Dirty work on runway costs port


The Mirror

The Port of Seattle has been slapped with a state penalty for environmental problems with the controversial construction of a third runway at Seattle-Tacoma International Airport.

The port and its principal contractor in the project, TTI Constructors, were fined $15,000 last month by the Department of Ecology for allowing muddy water to escape into Miller Creek and for trucks tracking dirt onto roadways near the work site. The latter is a continuing problem, according to DOE.

The port, which owns and operates the airport, is having a large dirt embankment built as part of the project.

DOE said a pipeline carrying stormwater broke during heavy rain Oct 8, pouring water and mud into a wetland that flows to Miller Creek. Water in the wetland was 60 times muddier than the state allows for the project, DOE officials said.

They said project managers have been told to detect and correct water-quality problems quicker.

DOE also requested a better job of washing the wheels of trucks leaving the project site after delivering fill. Dirt from the wheels has gotten onto State Route 518, where it can wash into ditches and storm drains that flow to creeks.

About 100 trucks leave the site each hour, officials said.

A full-time inspector for DOE, his salary paid for by the port, is on-site to monitor construction and protect creeks. The inspector documented the violations that led to the civil penalty.

Opponents of the project have criticized it previously for having negative impacts environmentally. But the latest trouble appears to be an exception, according to a DOE official.

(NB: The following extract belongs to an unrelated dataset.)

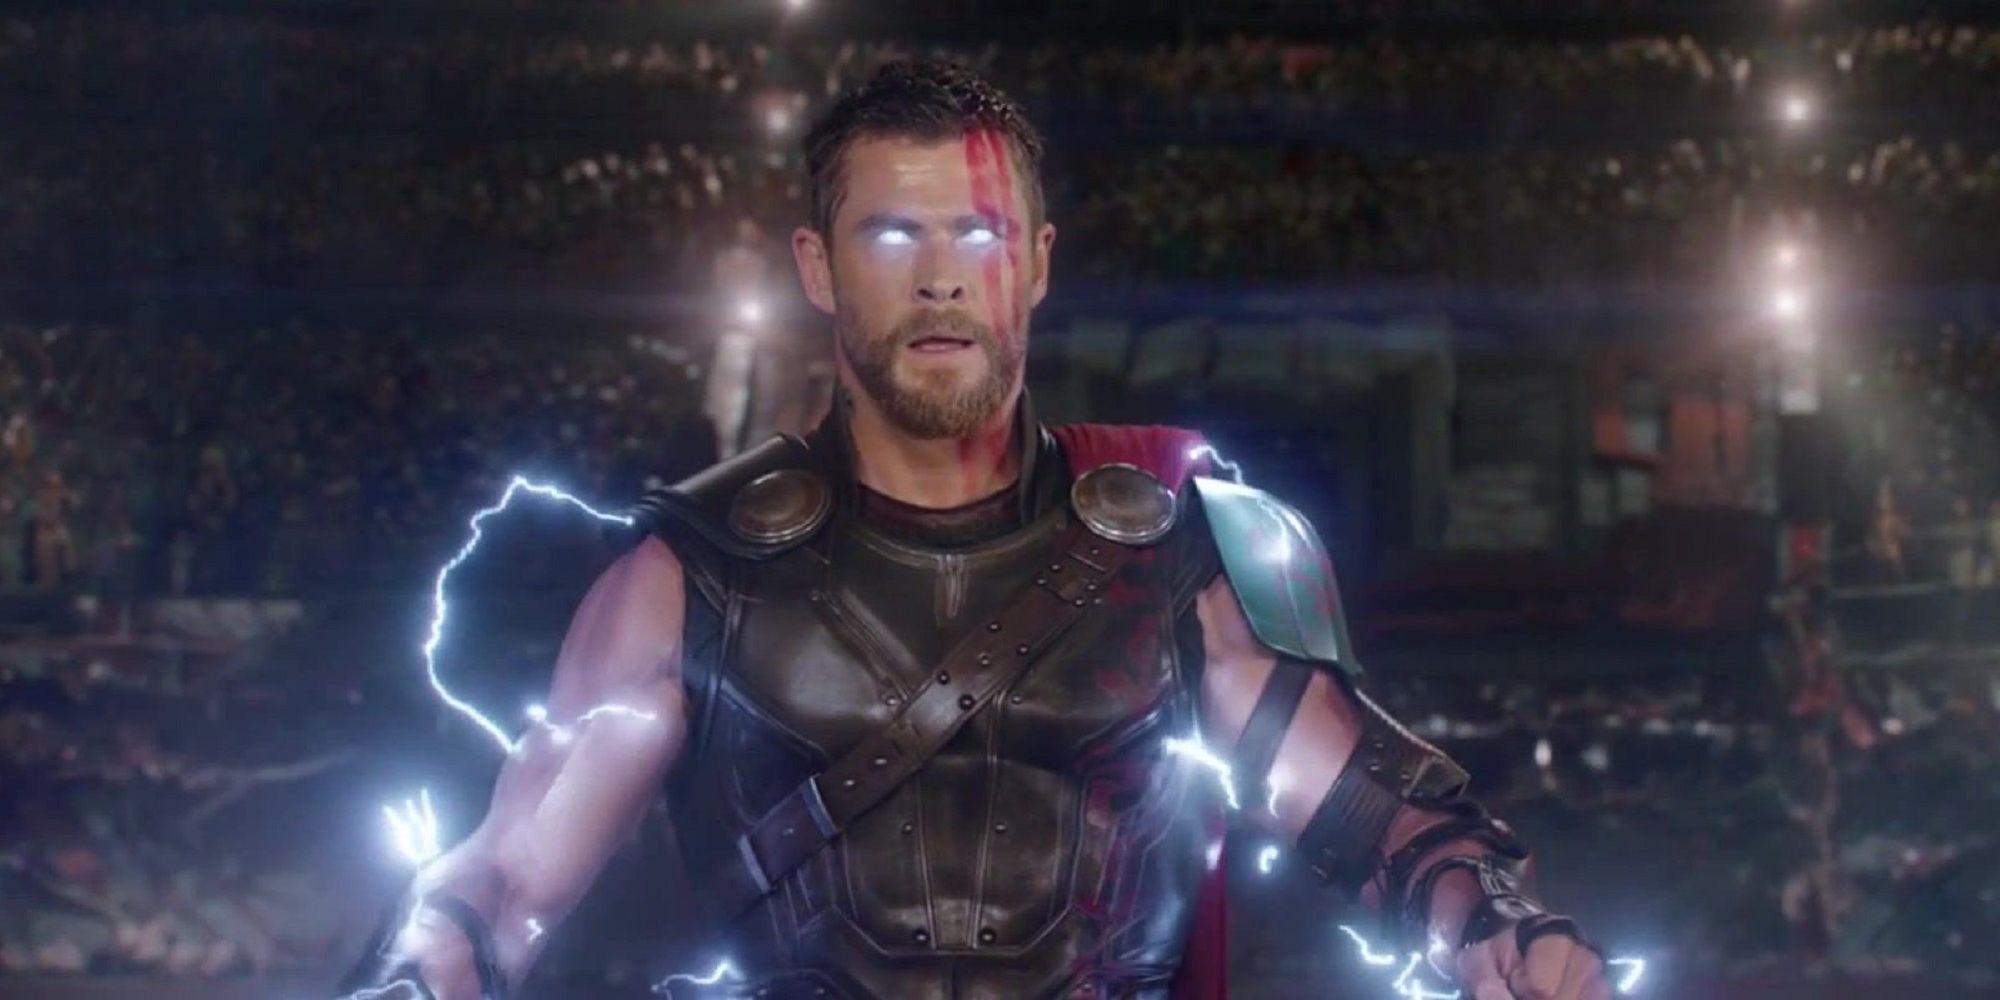 Thor fighting in the arena in Marvel's Thor: Ragnarok.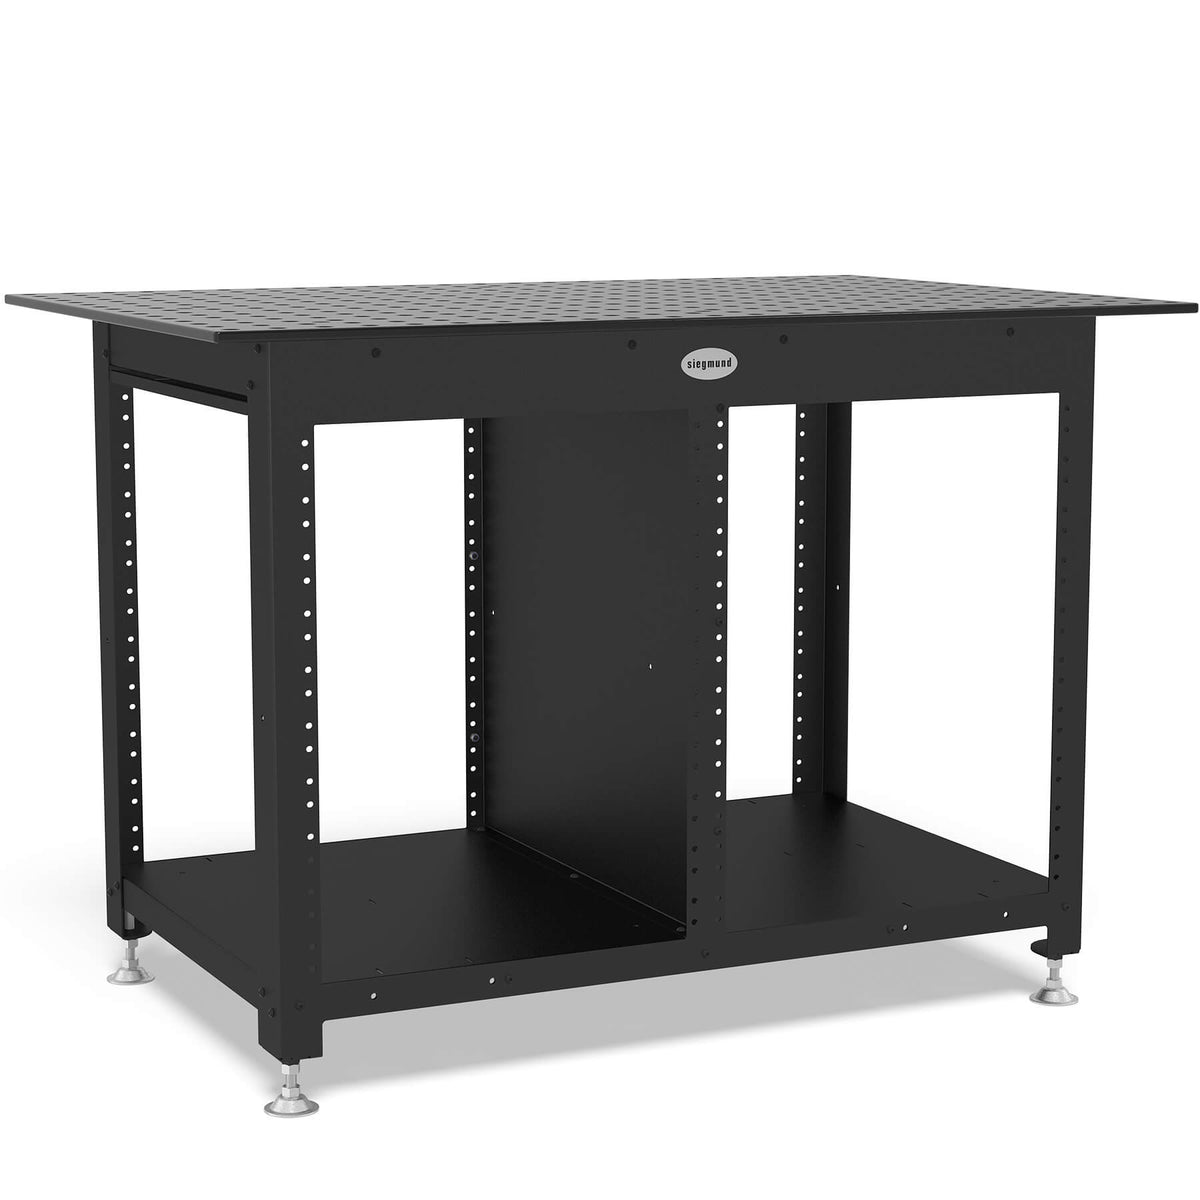 US164400: System 16 Workstation Including 2.8'x4' (32"x48") Perforated Plate (Siegmund Imperial Series)

"We're disappointed with these problems," but overall, the project "has been well-managed," said Kevin Fitzpatrick, DOE's regional water-quality supervisor.

Mark Reis, managing director of aviation for the port, said the problems will be corrected.

"We take our responsibility to protect the environment very seriously," he said.

The Regional Commission on Airport Affairs (RCAA), a Normandy Park-based citizens' group that opposes the runway project, criticized the port's handling of the incidents.

The port "says all the right things about protecting the environment," but its "neglectful actions speak far louder," said Larry Corvari, president of RCAA.

Another organization, Airport Communities Coalition (ACC), comprised of Federal Way and other cities near the airport or under its landing and takeoff paths, also opposed the runway until withdrawing legal challenges in August. ACC contested what it called environmental impacts of the runway, including noise from increased air traffic.

The port claims the runway is needed to help keep flights on time during bad weather that can limit the use of existing runways.

Federal Way and the other ACC members –– the cities of Des Moines, Burien, Normandy Park and Tukwila and the Highline School District –– spent a combined $15 million over 10 years fighting the runway. Last summer, the group claimed victory in environmental controls placed on the project by the state.

Money from the port, U.S. and state is paying for the $1.2 billion project.